━━ Material for this exercise ━━

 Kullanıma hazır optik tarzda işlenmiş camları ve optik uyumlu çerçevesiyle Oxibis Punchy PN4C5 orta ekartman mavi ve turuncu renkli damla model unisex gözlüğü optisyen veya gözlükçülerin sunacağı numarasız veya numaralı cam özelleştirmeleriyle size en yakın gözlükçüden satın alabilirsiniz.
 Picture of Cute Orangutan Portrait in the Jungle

━━━
━━ Material for this exercise ━━

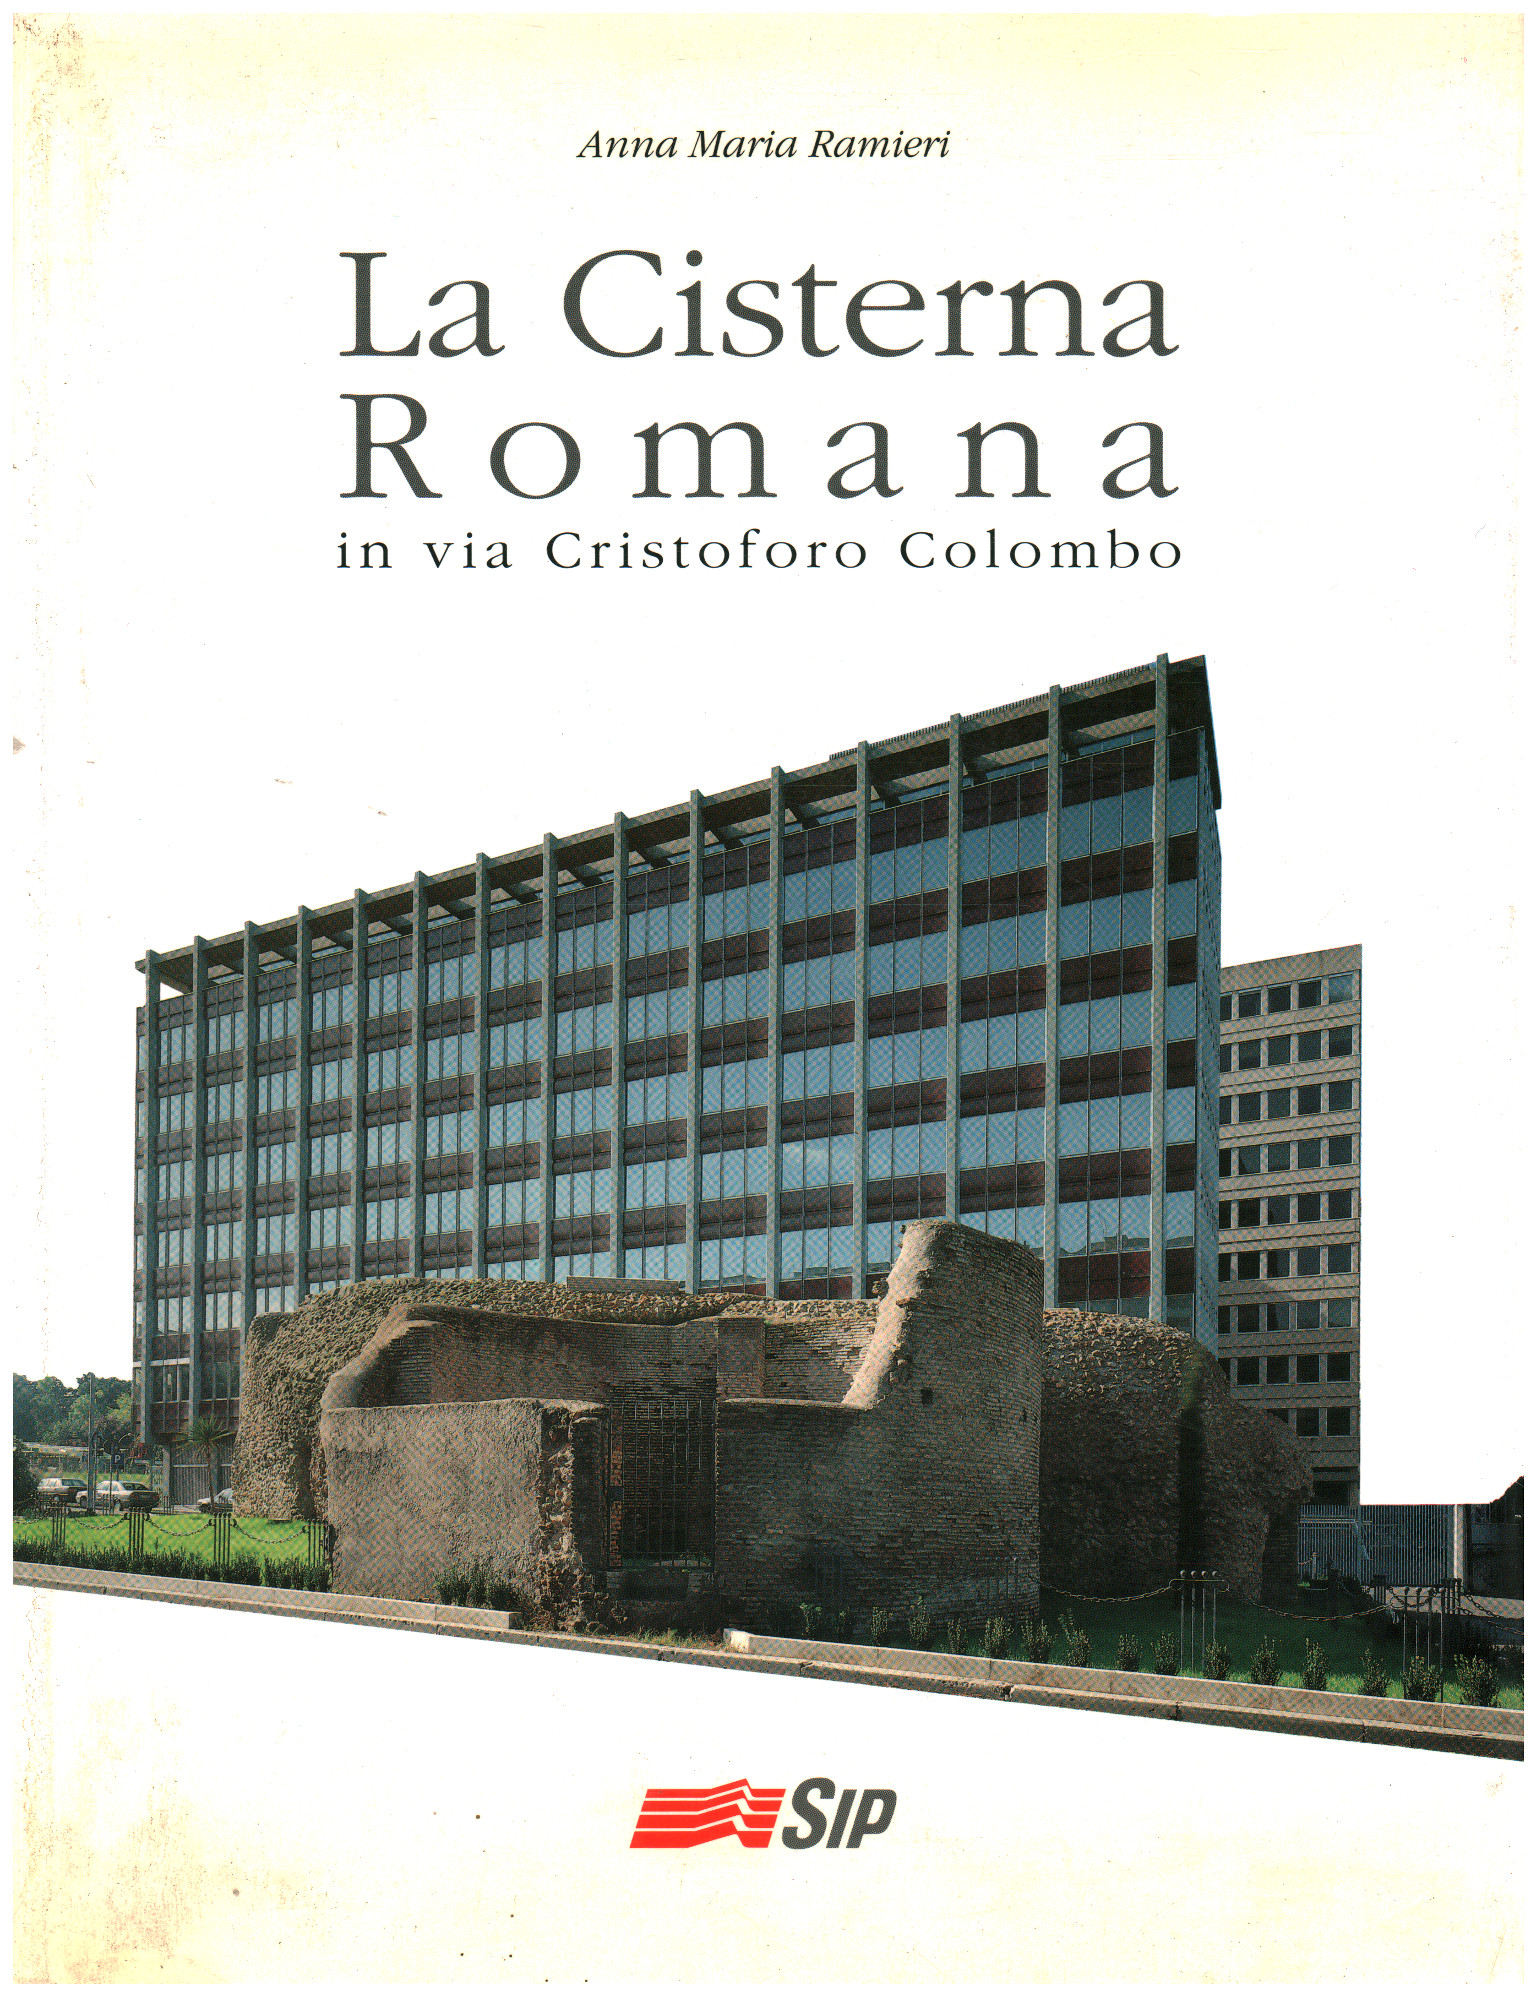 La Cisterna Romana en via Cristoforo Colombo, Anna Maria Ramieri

━━━

Your goal: Extract from the records above the lines from the one containing "Kullanıma hazır optik" to the one containing "Picture of Cute", both lines included, exactly as they appear and with nothing else.

Expected answer:
 Kullanıma hazır optik tarzda işlenmiş camları ve optik uyumlu çerçevesiyle Oxibis Punchy PN4C5 orta ekartman mavi ve turuncu renkli damla model unisex gözlüğü optisyen veya gözlükçülerin sunacağı numarasız veya numaralı cam özelleştirmeleriyle size en yakın gözlükçüden satın alabilirsiniz.
 Picture of Cute Orangutan Portrait in the Jungle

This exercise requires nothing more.